US legislators on the House of Representatives' Energy and Commerce Committee have finally released the draft versions of two bills that would serve to reauthorize industry-paid user fees for both innovative and generic veterinary medicines.
The bills, the Animal Drug User Fee Act(ADUFA) and the Animal Generic Drug User Fee Act (AGDUFA), are, like their human prescription drug and medical device counterparts, a mechanism by which the veterinary pharmaceutical industry can fund the activities of the US Food and Drug Administration (FDA). In return for enhanced user fees, FDA is then in turn able to hire more review staff and make improvements to its infrastructure, allowing it to-in theory-approve products more quickly, saving companies money by reducing the time it takes to make a return on their investment in research and development.
"The AGDUFA program has been a success story at FDA, and this legislation will create new performance enhancements that will allow for a more predictable approval process for generic animal drugs," explained Rep. Cory Gardner (R-CO) in a statement.
User fees for all human prescription drug, medical device and biological products were either reauthorized or authorized for the first time in July 2012 in a sprawling piece of FDA reform legislation known as the FDA Safety and Innovation Act. Unlike its human user fee counterparts, however, ADUFA and AGDUFA are on a separate re-authorization schedule, and legislators must approve both versions of legislation before the end of the government's fiscal year on 31 September 2013.
Could More Provisions be added?
Some industry analysts have speculated whether the bills will be passed "cleanly"-that is, without significant mark-ups or rider provisions-or if legislators might use the bills to pass a number of reform provisions that were left unfinished after the passage of FDASIA. At present, speculation has included plans to implement a national pharmaceutical track and trace plan, as well as a number of plans intended to curb the abuse of painkiller drugs.

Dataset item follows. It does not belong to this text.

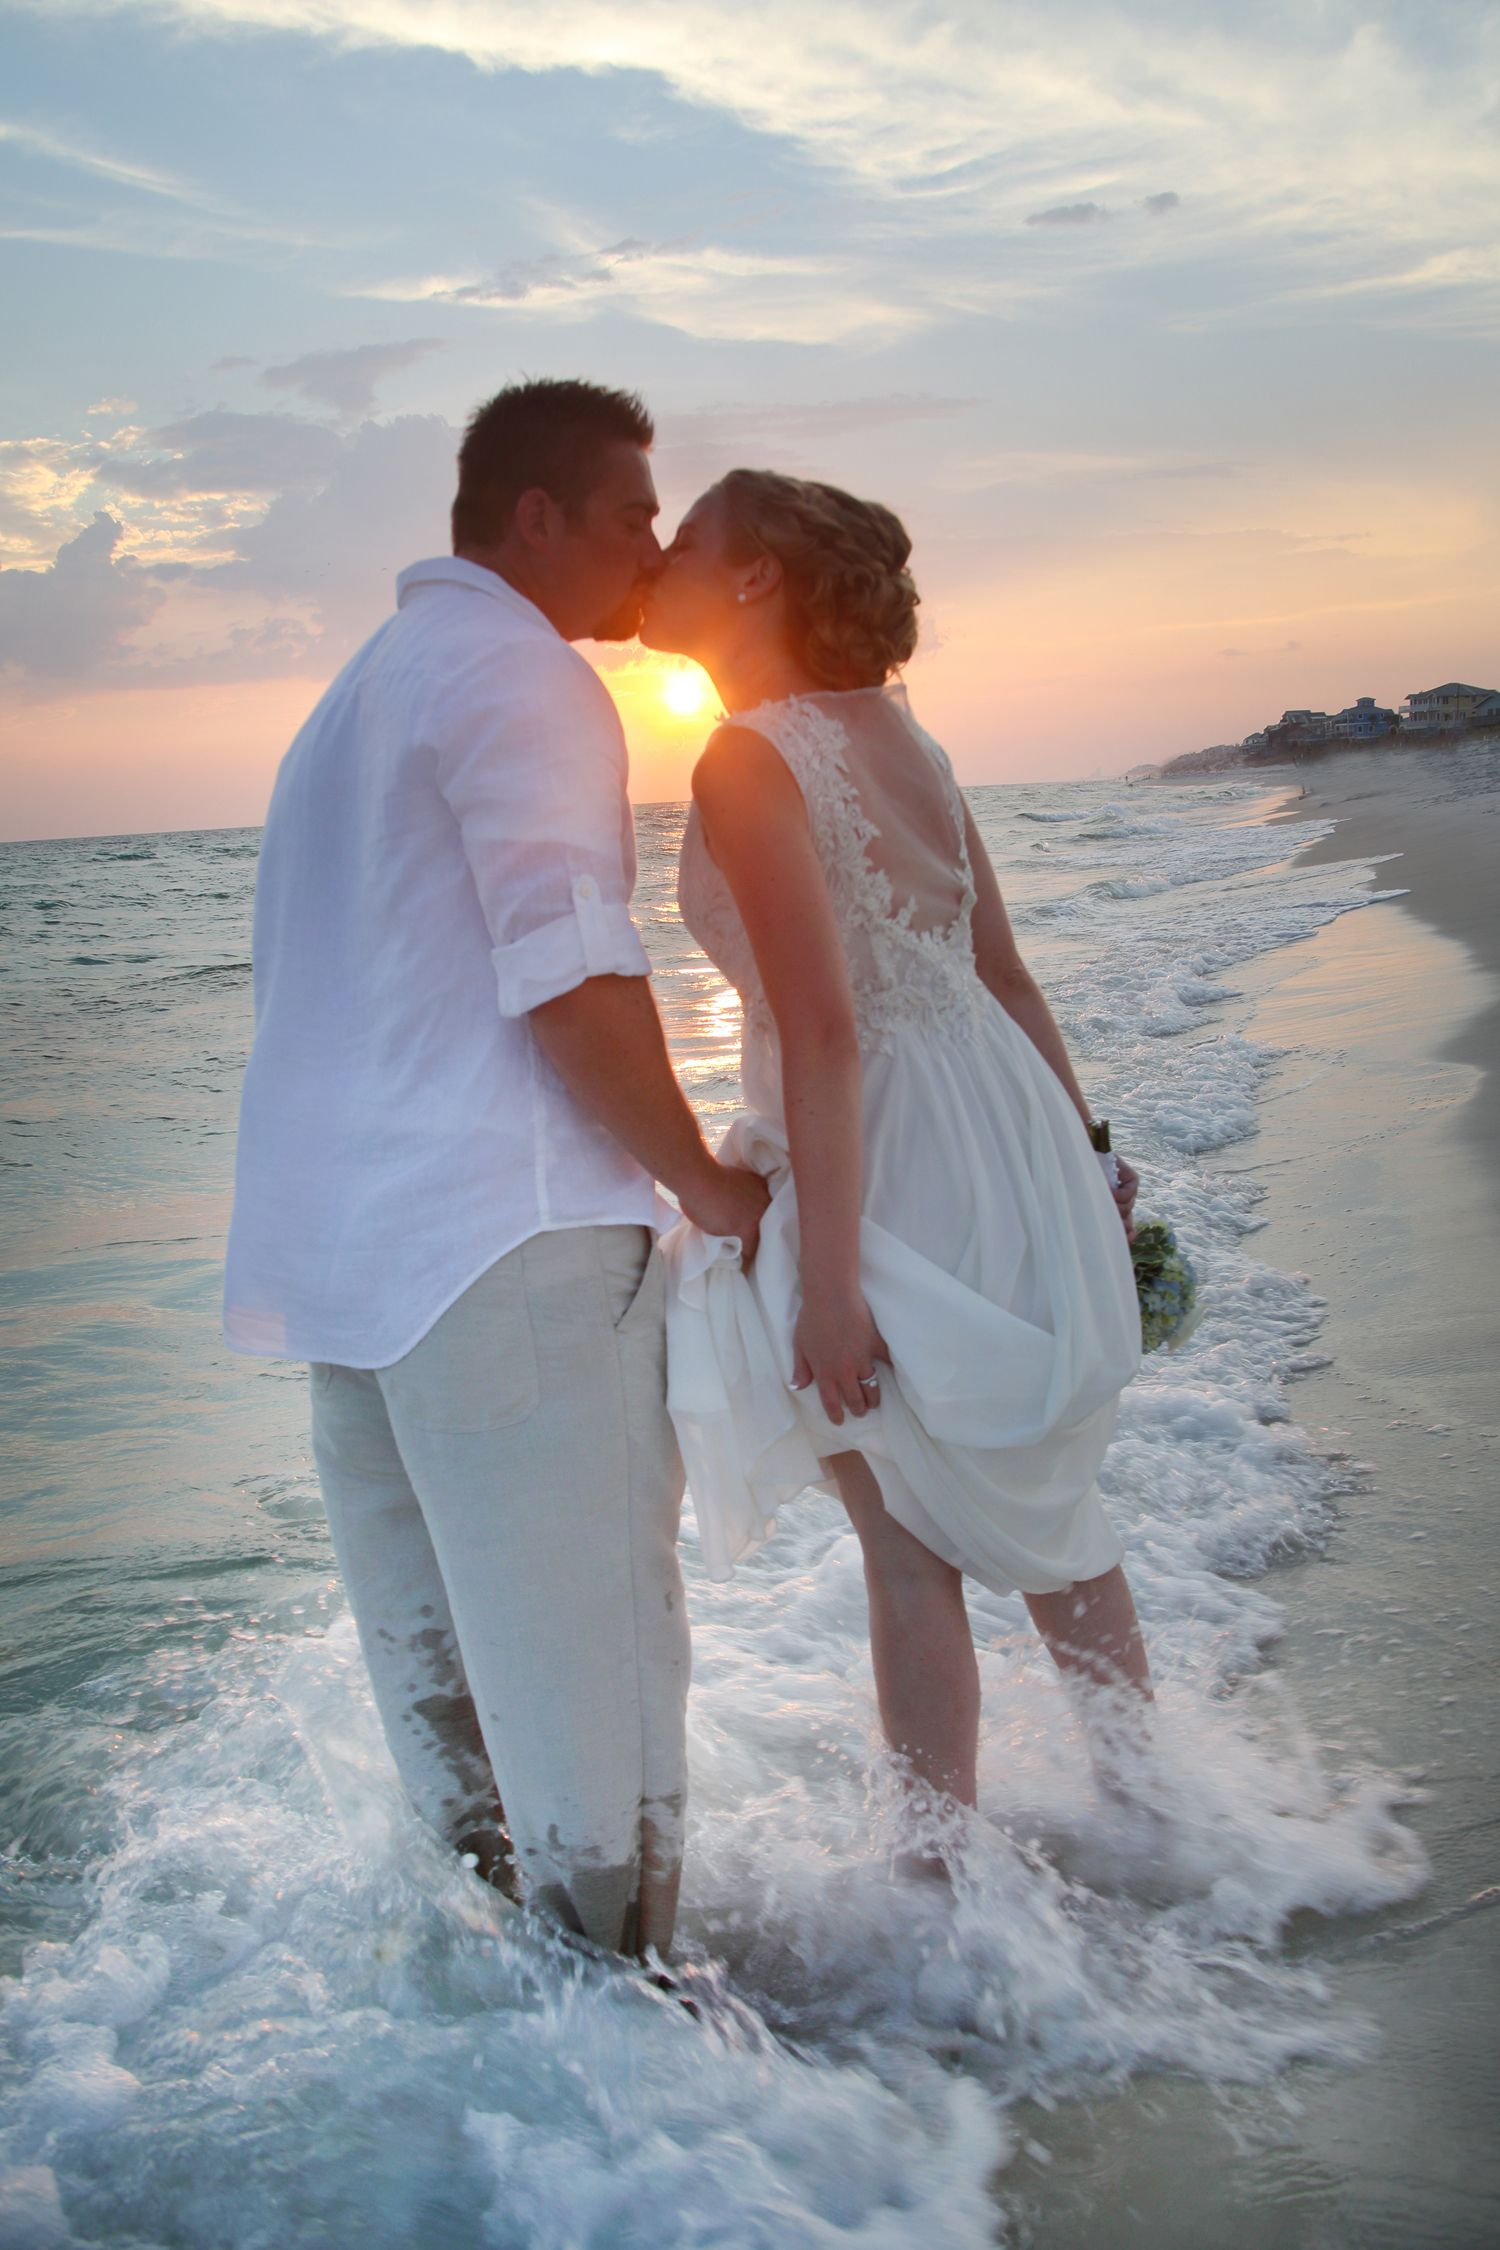 #angelafrancesphotography #beachwedding #floridawedding #destinwedding #gulfcoastwedding #NWFLBride #EmeraldCoastWedding #WaterfrontWeddings #angelafrancesphoto #gulfcoastwedding #30-A #30-AWedding #desitnsunset #destinsunsetwedding #annasveranda #rosemarybeach #rosemarybeachwedding

An opinion piece authored by the Pharmaceutical Research and Manufacturers Association (PhRMA) and the Generic Pharmaceutical Association (GPhA) last week in Politico have added fuel to those rumors, as has a letter sent by Sen. Mitch McConnell (R-KY), the Senate Minority Leader and an influential power broker, to FDA requesting information regarding FDA's authority to require products to have abuse-deterrent formulations.
A Clear Slate-For Now
For now, however, both bills appear clean of any notable markups-a process that will likely start (if at all) after a 9 April 2013 hearing by the House Energy and Commerce Committee, at which FDA's Bernadette Dunham, director of the Center for Veterinary Medicine (CVM), is expected to testify.
The bills are also notably smaller than their human user fee counterparts. ADUFA is expected to take in $23,600,000 in FY2014, and $21,600,000 every year thereafter until it expires in 2018. Of those fees, 20% are set to come from application fees, 27% from approved drug products, 26% from establishments and 27% from sponsors. Fees will be subject to a yearly inflation adjustment.
AGDUFA will be subject to a similar fee structure, though considerably smaller in scale. FY2014 fees will be $7,328,000, $6,944,000 for FY 2015, $7,429,000 for 2016, $7,936,000 for 2017 and $8,467,,000 for 2018.